The function takes the raw byte string and a desired encoding name and tries to decode it into a Python Unicode string. If the decoding fails (due to undecodable characters), it will try to fall back to UTF-8 and Windows-1252. If both fallbacks fail as well, the string will be decoded with the originally intended encoding and invalid characters will either be skipped or replaced with a suitable replacement character (controllable via the errors
parameter, which accepts the same values as Python's str.decode()
).
from resiliparse.parse.encoding import detect_encoding, bytes_to_str
bytestr = b'\xc3\x9cbung macht den Meister'
decoded = bytes_to_str(bytestr, detect_encoding(bytestr)) # 'Übung macht den Meister'
Of course a simple bytestr.decode()
would be sufficient for such a trivial example, but sometimes, the supplied encoding is inaccurate or the string turns out to contain mixed or broken encodings. In that case there is no other option than to try multiple encodings and to ignore any errors if all of them fail. The default fallback encodings for this situation (UTF-8 and Windows-1252) can be overridden with the fallback_encodings
parameter.
Warning
When setting custom fallback encodings, keep in mind that single-byte encodings without undefined codepoints (such as IANA ISO-8859-1) will never fail, so it does not make sense to have more than one of those in the fallback list. In fact, even very dense encodings such as Windows-1252 are very unlikely to ever fail.

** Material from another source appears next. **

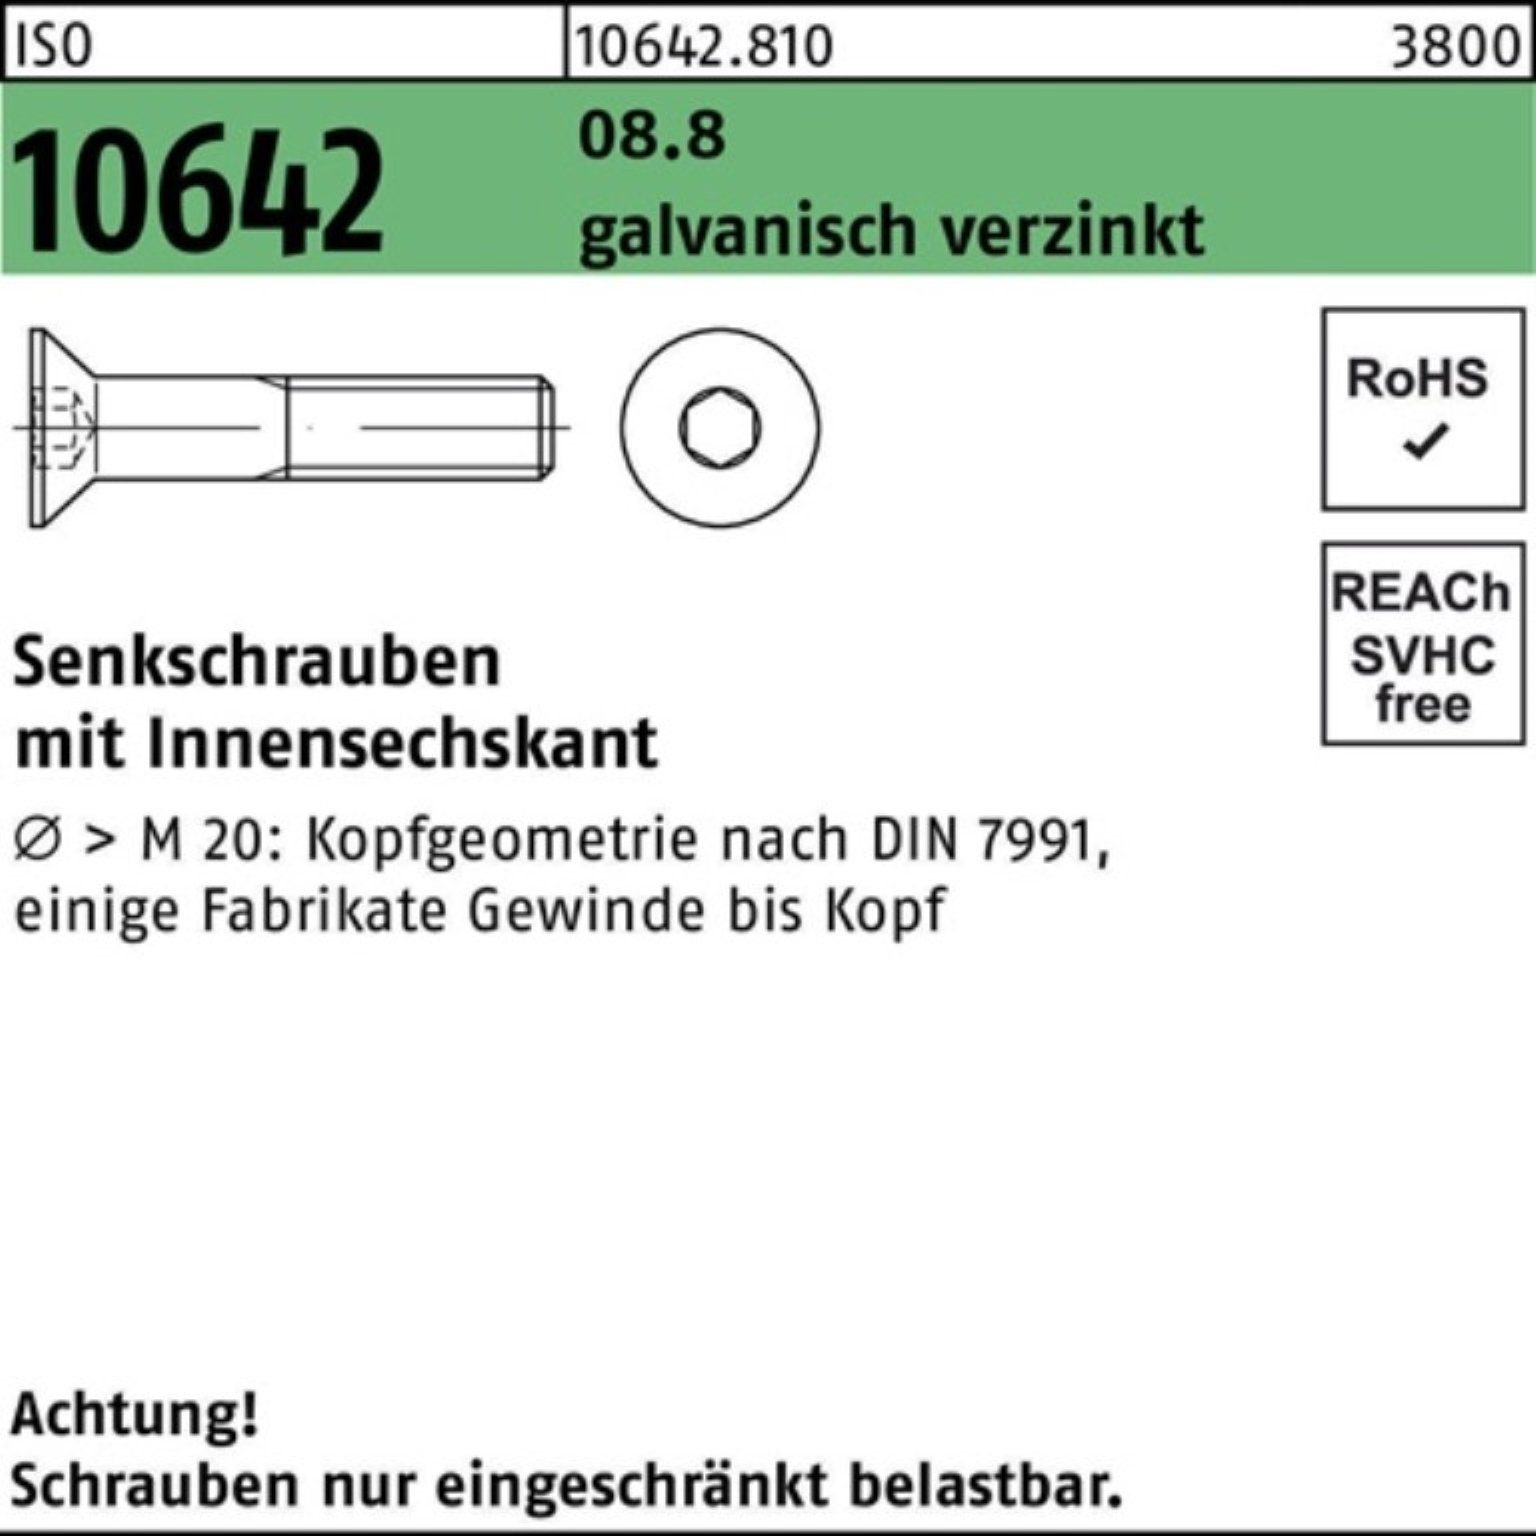 Reyher Senkschraube 500er Pack Senkschraube 10642 8.8 galv.verz. 500 25 M6x ISO Innen-6kt

~.parse.encoding.bytes_to_str
also ensures that the resulting string can be re-encoded as UTF-8 without errors, which is not always the case when doing a simple str.encode()
:
from resiliparse.parse.encoding import bytes_to_str
# This will produce the unencodable string 'ઉ\udd7a笞':
unencodeable = b'+Condensed'.decode('utf-7', errors='ignore')
# OK, but somewhat broken: b'+Condense-'
unencodeable.encode('utf-7')
# Error: UnicodeEncodeError: 'utf-8' codec can't encode character '\udd7a' in position 1: surrogates not allowed
unencodeable.encode()
With ~.parse.encoding.bytes_to_str
, these issues can be avoided:
# Produces '+Condensed', because UTF-8 fallback can decode the string without errors
bytes_to_str(b'+Condensed', 'utf-7')
# But even without fallbacks, we get 'ઉ笞', which can at least be re-encoded as UTF-8
bytes_to_str(b'+Condensed', 'utf-7', fallback_encodings=[])
Resiliparse has a very simple and fast MIME type detector for detecting common internet MIME types based on their initial magic byte signatures and the ratio of unprintable bytes:
from resiliparse.parse.encoding import detect_mime
print(detect_mime(b'%PDF-1.5\n%\xd0\xd4\xc5\xd8')) # application/pdf
print(detect_mime(b'Hello world')) # text/plain
print(detect_mime(b'Hello \x00\x0f\x00world')) # application/octet-stream
The Resiliparse MIME type detector is very basic and should be used only as a quick check to determine if a byte string looks roughly like the MIME type you expect. If you need more accurate MIME type detection, you should resort to other libraries, such as Apache Tika.